Sobre esta origem história do marxismo atual repousa a separação entre teoria e prática que lhe é inata desde o princípio. Neste caso a teoria não é, desde o começo, a “expressão geral das lutas de classes existentes”. Ao contrário, é o resultado compendiado das lutas de classes de uma época anterior, sem nenhuma relação imediata com as lutas de classes atuais, que recomeçam em condições totalmente modificadas.

A separação entre teoria e prática, existente desde o início, não se atenuou no curso da evolução, mas sim aguçou-se cada vez mais. 

Sobre estes fundamentos se baseiam os três fenômenos nos peculiares do “revisionismo”, da “ortodoxia” e dos esforços – reiniciados de tempos em tempos – em prol de uma “restauração” da forma pura do marxismo revolucionário original. Neles também se baseia, em última instância, a crise do marxismo que se expressa atualmente.

III

O prosseguimento do desenvolvimento vivo da teoria marxista na prática do movimento operário de 1850 foi impedido pelas modificadas condições históricas da nova época do capitalismo e do movimento da classe trabalhadora.

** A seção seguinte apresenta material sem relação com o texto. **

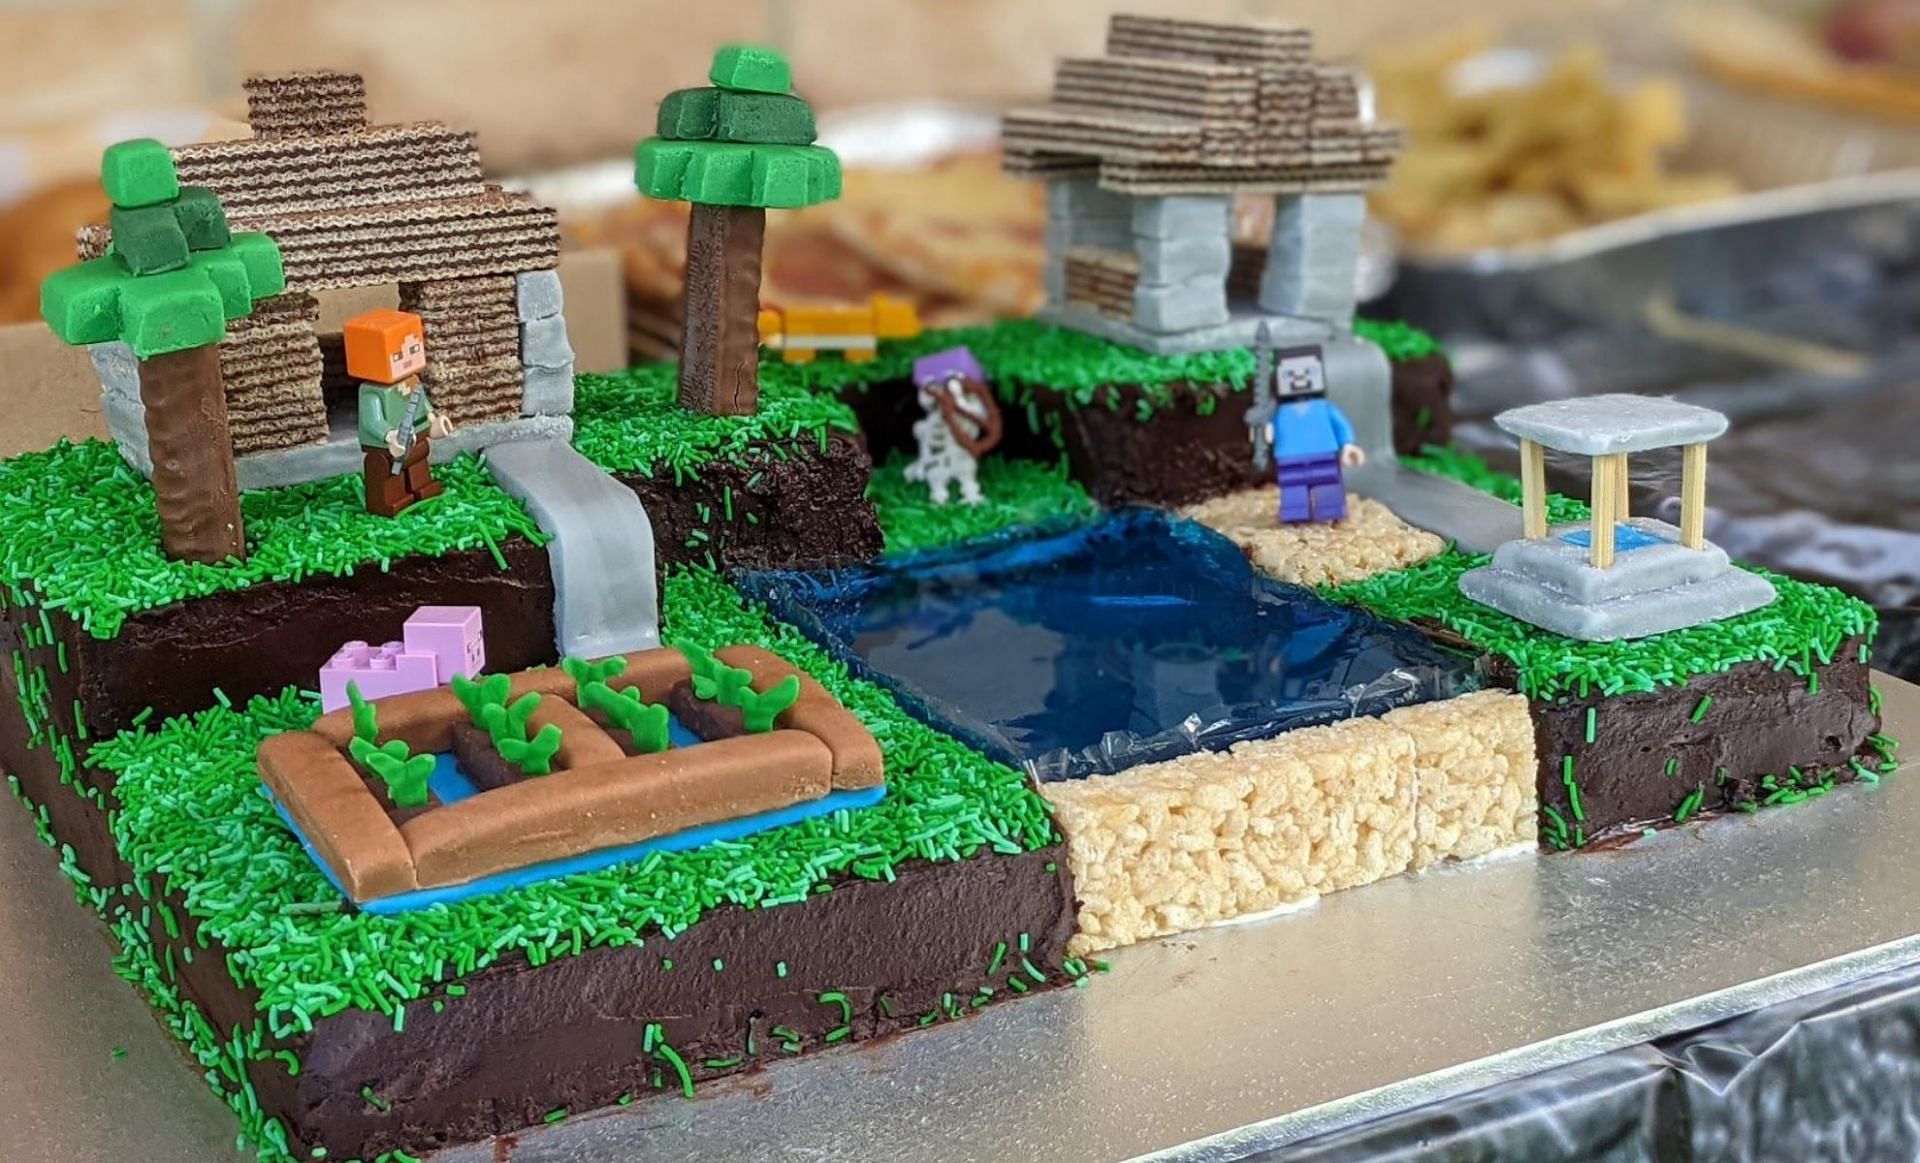 lego minecraft cake

Em 1850 se encerra o primeiro grande ciclo histórico do desenvolvimento capitalista. Neste ciclo o capitalismo já havia percorrido todas as fases de seu desenvolvimento sobre sua restringida base naquela ocasião, até chegar ao ponto em que a parte consciente de classe do proletariado podia colocar a revolução social da classe operária na ordem do dia. Em consequência, o movimento de classes do proletário já havia alcançado então – sobre esta base restringida – um grau de desenvolvimento relativamente elevado, que achou sua expressão prática nas lutas revolucionárias que libertaram naquela época algumas facções da classe operária, e sua expressão teórica nas primeiras formulações, lançadas durante este período pelos chamados “socialistas utópicos”, acerca do conteúdo da consciência proletária de classe e dos objetivos da revolução proletária.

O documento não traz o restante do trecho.